_Problem details:_ Each record needs to be echoed exactly; can you do that?

Data records START

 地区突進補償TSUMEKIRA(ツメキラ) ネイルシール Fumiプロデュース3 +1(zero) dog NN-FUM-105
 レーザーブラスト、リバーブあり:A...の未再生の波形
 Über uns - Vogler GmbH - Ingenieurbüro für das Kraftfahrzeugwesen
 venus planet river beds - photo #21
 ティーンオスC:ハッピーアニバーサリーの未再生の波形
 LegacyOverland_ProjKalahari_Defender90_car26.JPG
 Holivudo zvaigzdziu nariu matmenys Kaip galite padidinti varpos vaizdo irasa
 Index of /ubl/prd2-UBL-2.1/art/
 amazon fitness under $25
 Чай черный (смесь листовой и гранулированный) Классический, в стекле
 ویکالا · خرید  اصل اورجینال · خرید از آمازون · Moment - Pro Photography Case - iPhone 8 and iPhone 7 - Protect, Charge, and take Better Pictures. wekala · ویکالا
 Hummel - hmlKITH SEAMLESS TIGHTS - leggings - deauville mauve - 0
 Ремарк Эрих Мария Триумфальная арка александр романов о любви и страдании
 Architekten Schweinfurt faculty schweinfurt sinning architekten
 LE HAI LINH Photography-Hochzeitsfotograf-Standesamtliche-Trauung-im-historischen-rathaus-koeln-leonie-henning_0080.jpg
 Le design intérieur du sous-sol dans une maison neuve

Data records END

_Output of the task:_
 地区突進補償TSUMEKIRA(ツメキラ) ネイルシール Fumiプロデュース3 +1(zero) dog NN-FUM-105
 レーザーブラスト、リバーブあり:A...の未再生の波形
 Über uns - Vogler GmbH - Ingenieurbüro für das Kraftfahrzeugwesen
 venus planet river beds - photo #21
 ティーンオスC:ハッピーアニバーサリーの未再生の波形
 LegacyOverland_ProjKalahari_Defender90_car26.JPG
 Holivudo zvaigzdziu nariu matmenys Kaip galite padidinti varpos vaizdo irasa
 Index of /ubl/prd2-UBL-2.1/art/
 amazon fitness under $25
 Чай черный (смесь листовой и гранулированный) Классический, в стекле
 ویکالا · خرید  اصل اورجینال · خرید از آمازون · Moment - Pro Photography Case - iPhone 8 and iPhone 7 - Protect, Charge, and take Better Pictures. wekala · ویکالا
 Hummel - hmlKITH SEAMLESS TIGHTS - leggings - deauville mauve - 0
 Ремарк Эрих Мария Триумфальная арка александр романов о любви и страдании
 Architekten Schweinfurt faculty schweinfurt sinning architekten
 LE HAI LINH Photography-Hochzeitsfotograf-Standesamtliche-Trauung-im-historischen-rathaus-koeln-leonie-henning_0080.jpg
 Le design intérieur du sous-sol dans une maison neuve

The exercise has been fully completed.